In Part I, we discussed how common homonyms can be in Japanese (over a third of all its words) and the many ways this can manifest in the language. I discussed this by way of an example using the Japanese ちょっと (Chotto) to illustrate.
The prevalence of homonyms leads to various possible complications when applied to eDiscovery.
For example, the most common is the way in which typos occur in Japanese.
In English, a typo is fairly easily discernible, based on context, since it involves simply a misplaced or omitted letter.
An English speaker can easily identify what word was intended by the writer.
Japanese can be far more challenging, because of the way typing works. In Japanese, a person starts by typing out how the word sounds. Then, the computer pulls up a list of every homonym for that word, giving you a choice of which word to select, like this:
As I noted in Part I, as Japanese contains a huge number of homonyms, a single word can have dozens of possible homonyms—the word “Keiki” listed above has no fewer than 60 possible different choices, each with a different meaning.
The words can bear absolutely no relation to each other in meaning, for example 景気 (Keiki) means “economic conditions” while 刑期 means “length of sentence,” 計器 means “measuring equipment.”
What this means is that a “typo” in Japanese can result words that bear no relation to each other in meaning but can be inserted accidentally. This can be particularly prevalent in casual written conversation, such as text messaging. Imagine this in the context of an eDiscovery-based document review of Japanese! I’ve managed tens of thousands of hours of foreign language document review mostly with The CJK Group document, so I’ve literally seen it all.
To add to the confusion, a Japanese writer may misspell the word entirely, thus writing a word that sounds like the intended word. For example, if the person meant to write “Keiki” (Measuring equipment) they may accidentally type “Keika” and choose one of a dozen or more choices, thus to completely alter the intended meaning of the sentence.
As such, typos can add a great deal more confusion in interpretation for the reader in Japanese than a typo in English.
Homonyms & eDiscovery: What’s the Fuss All About?
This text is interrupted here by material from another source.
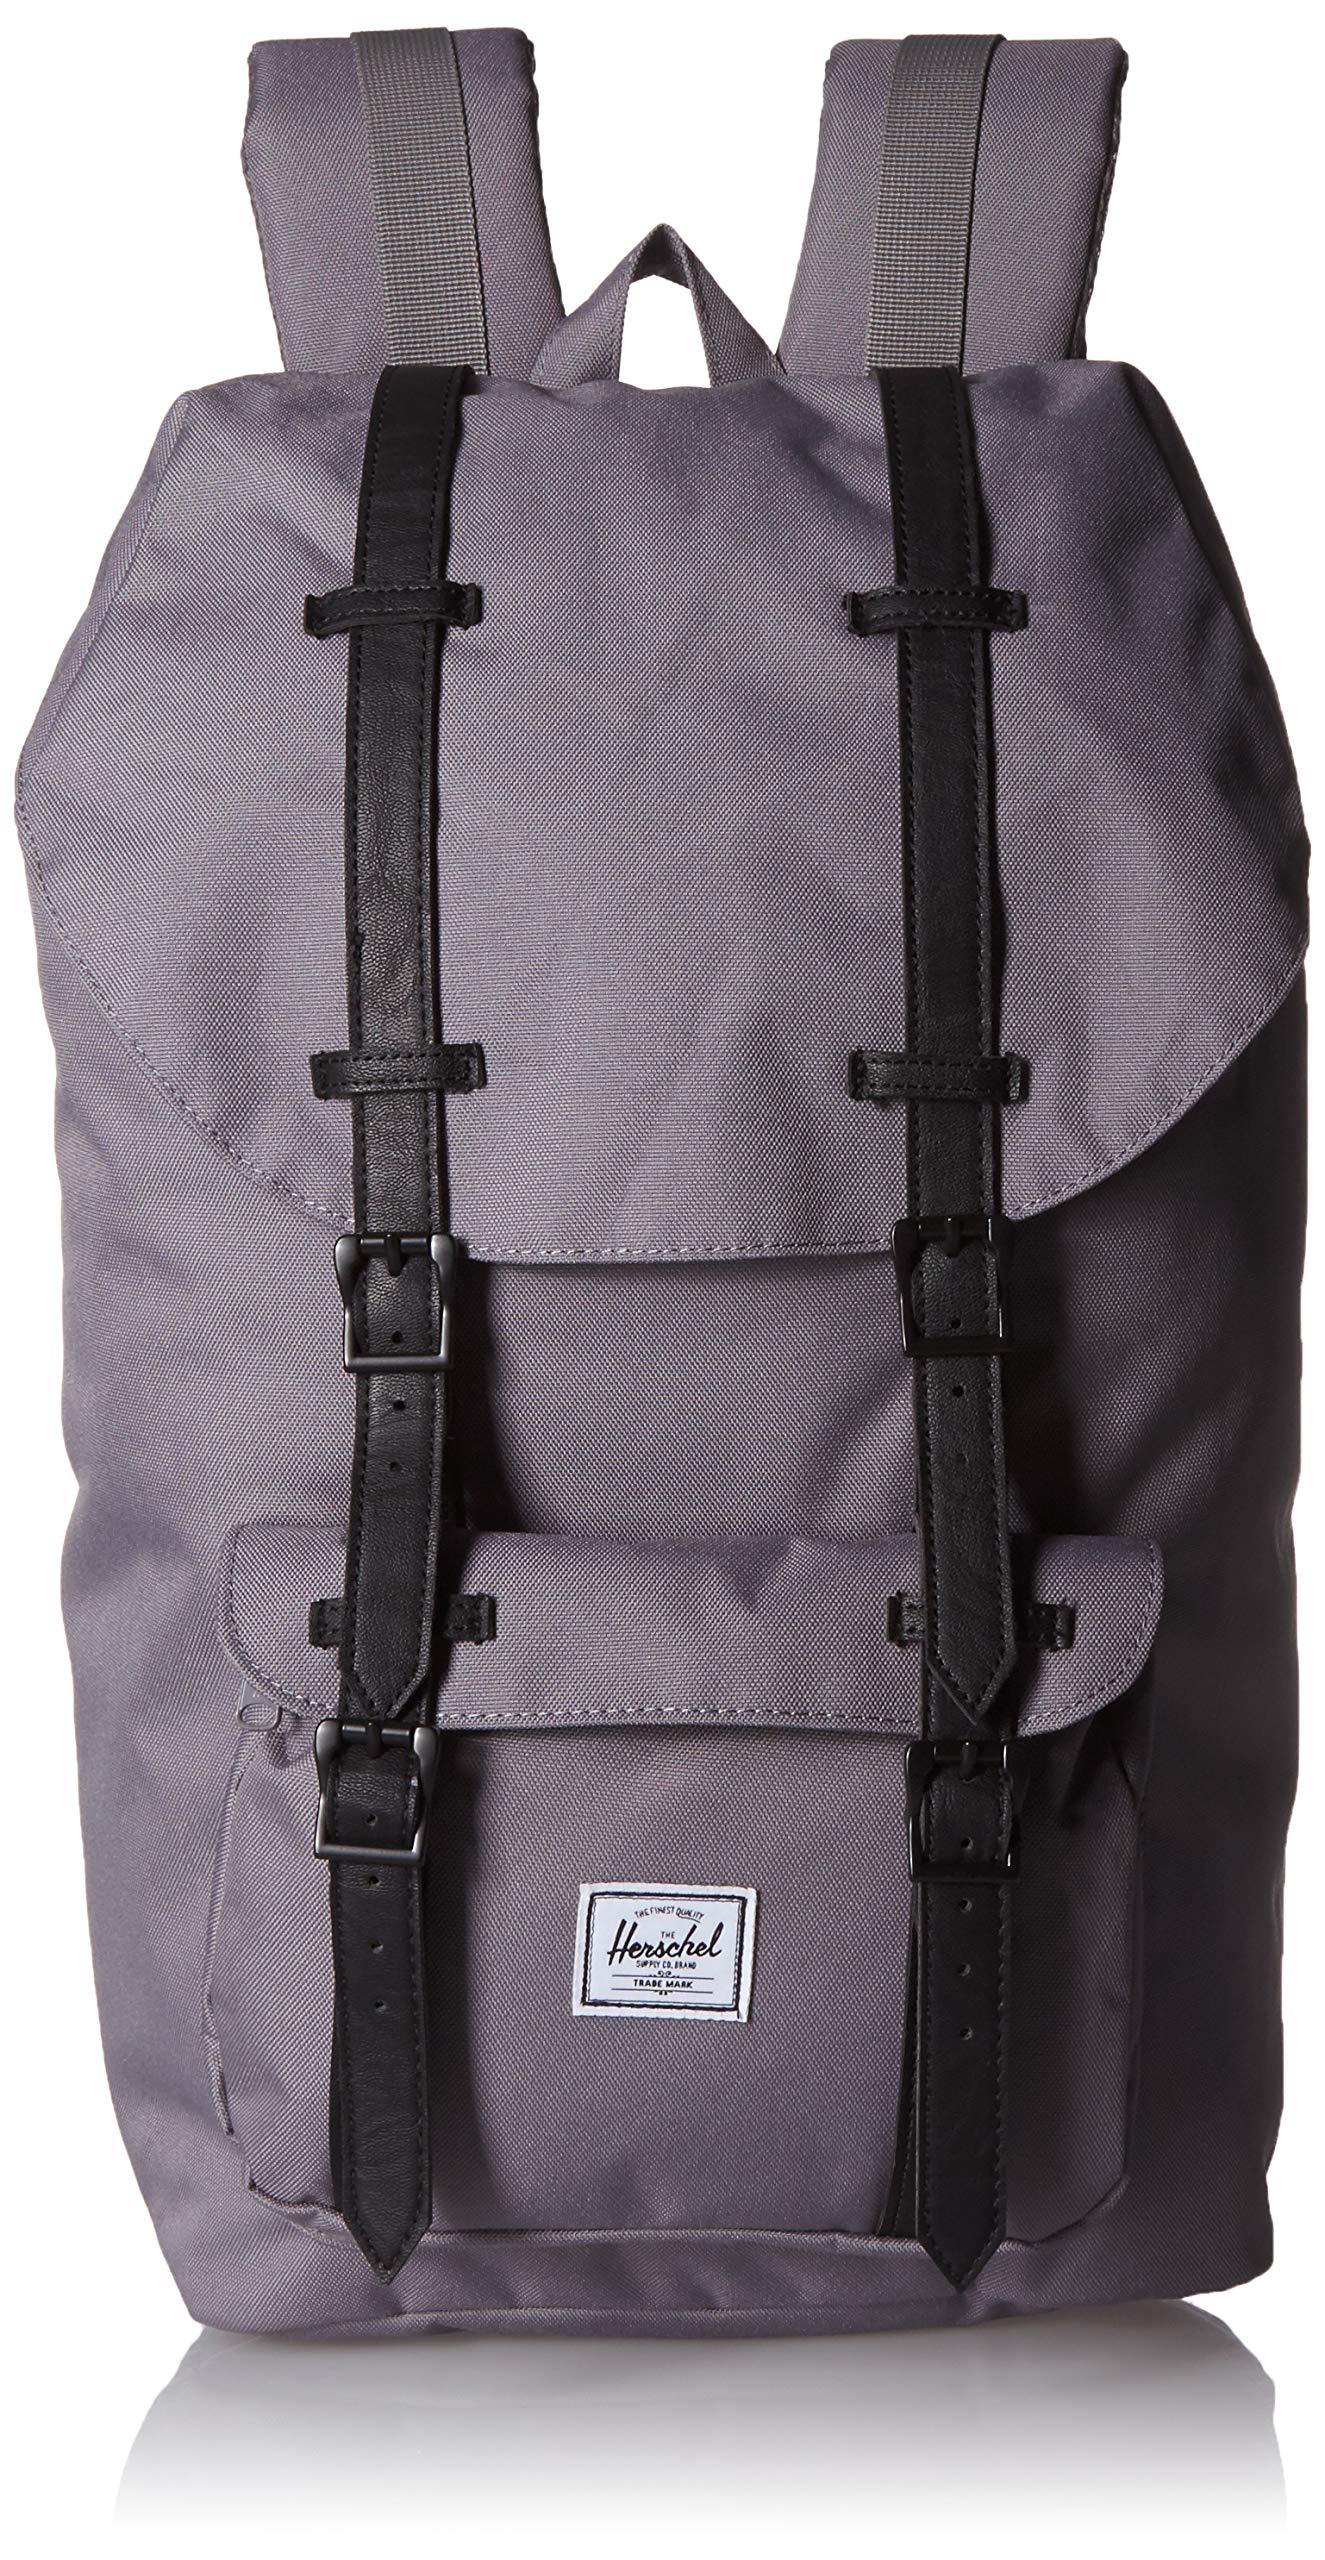 Herschel Little America Backpack, Grey/Black, One
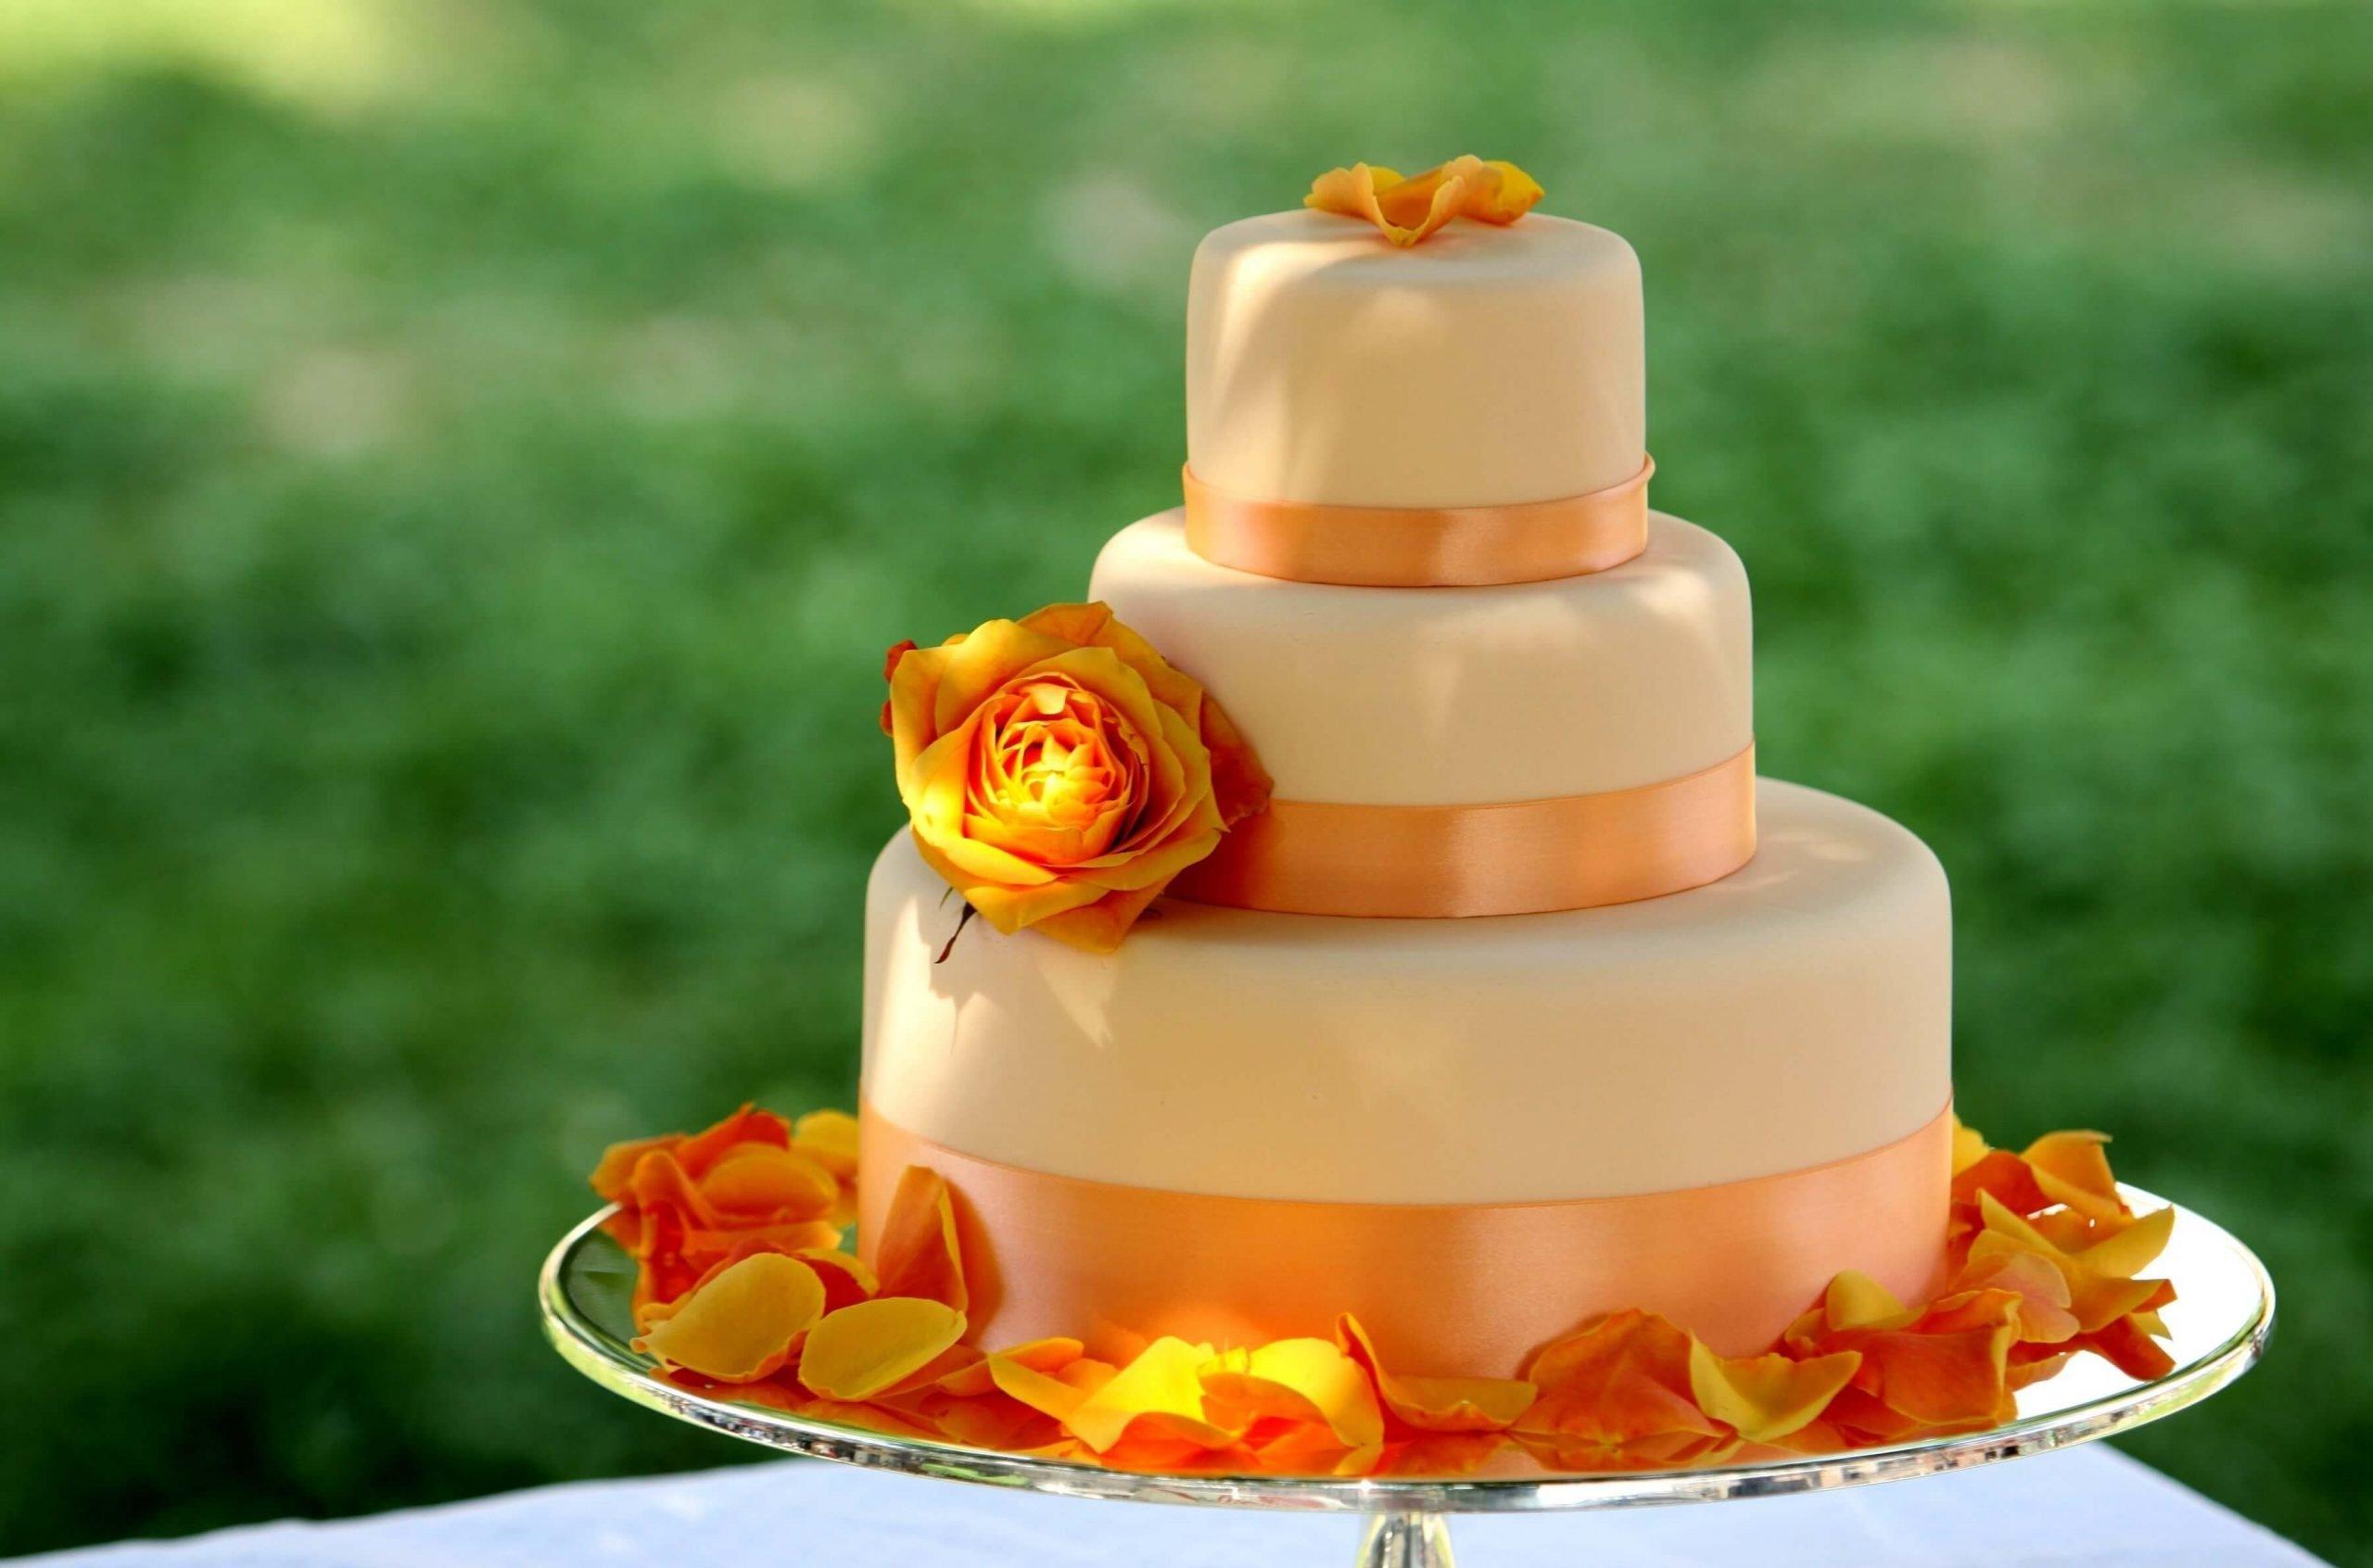 Orange 3-tiered cake

This is a very common issue faced by eDiscovery reviewers when viewing emails and text messages in real world circumstances. Reading the sentence within the context of the conversation, reviewers will determine what homonym was most likely intended by the writer. Or, alternatively, if no homonym to the word makes any sense, the reviewer will try to figure out what kind of typo the writer did and try to identify what other similarly sounding word was intended.
But in rare circumstances, particularly in the context of criminal investigations, the possibility that an “odd sounding” typo may represent some other form of coded language may need to be considered as well.
This is one thing that makes applications of machine translation extremely difficult as applied to Japanese.
Due to the higher cost of eDiscovery review teams with expertise in foreign language the possibility of cutting costs by having an English language review team review documents translated from a foreign language through machine translation is often referenced.
Even the best machine learning AI will have difficulty correctly identifying a typo, much less identify the correct intended meaning based on context. Nor will it be able to flag a typo as “suspicious.”
Only a team of experts deeply versed in both the cultural and linguistic nature of a foreign language can handle these challenges with consistency. And particularly, in a language like Japanese, it can be all but essential.